The multilingual pipeline is operationally identical to the monolingual one: the practitioner writes label hypotheses in English, the model scores them against input text in any supported language, and the entailment probabilities are returned. This makes multilingual classification practical for organizations that do not have NLI training data in their target languages, as long as the languages are covered by the multilingual pretraining corpus.
LLM-based zero-shot classification is also strong multilingually for well-resourced languages, because large instruction-tuned models such as GPT-4 and Claude 3 are trained on multilingual corpora. Performance degrades on low-resource languages for both NLI and LLM approaches, because both depend on the pretraining distribution.
Zero-shot classification is a default option in settings where labeled data is missing, expensive, or rapidly changing.
Zero-shot classification has well-documented failure modes. Hypothesis sensitivity means accuracy varies with template wording, so practitioners must test multiple templates on a small validation set before trusting a deployment. Calibration is often poor, especially for multi-label settings where decisions depend on absolute scores rather than relative ranks. Performance degrades on abstract, technical, or domain-specific categories that have little support in the NLI or LLM pretraining data.
Label phrasing ambiguity is a specific failure mode distinct from template sensitivity. When two candidate labels overlap in meaning ("complaint" and "negative feedback") the model may split probability mass between them unpredictably.
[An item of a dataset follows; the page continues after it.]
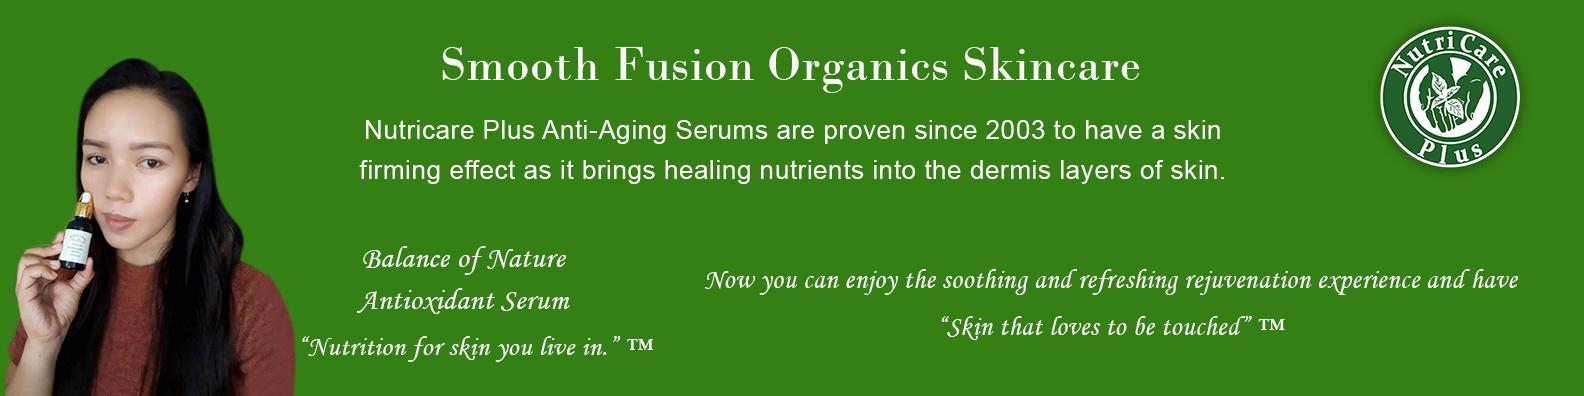 Balance of Nature Antioxidant Serum

Explicit disambiguation through definitional templates or LLM prompts with definitions mitigates this, at the cost of requiring practitioners to write those definitions.
Language coverage is uneven; most public NLI checkpoints are trained on English corpora such as MultiNLI and ANLI. Pretrained NLI models also inherit dataset artifacts such as hypothesis-only biases. LLM classifiers can be expensive at high request volumes, and outputs may drift across model versions, which complicates reproducibility. Evaluation itself is challenging because conventional metrics assume fixed label sets and matched train-test distributions, neither of which holds in zero-shot settings.
Zero-shot classification is rarely competitive with a well-resourced supervised classifier when sufficient labeled data exists. The 2024 study by Bucher and Martino found that fine-tuned small LLMs outperformed zero-shot generative models by a large margin across diverse classification benchmarks, reinforcing the standard workflow: use zero-shot to bootstrap an annotator, then move to a fine-tuned encoder once data has accumulated. The BTZSC 2026 benchmark similarly found that NLI cross-encoders show diminishing returns with scale, suggesting that simply making the NLI model larger does not close the gap with supervised approaches.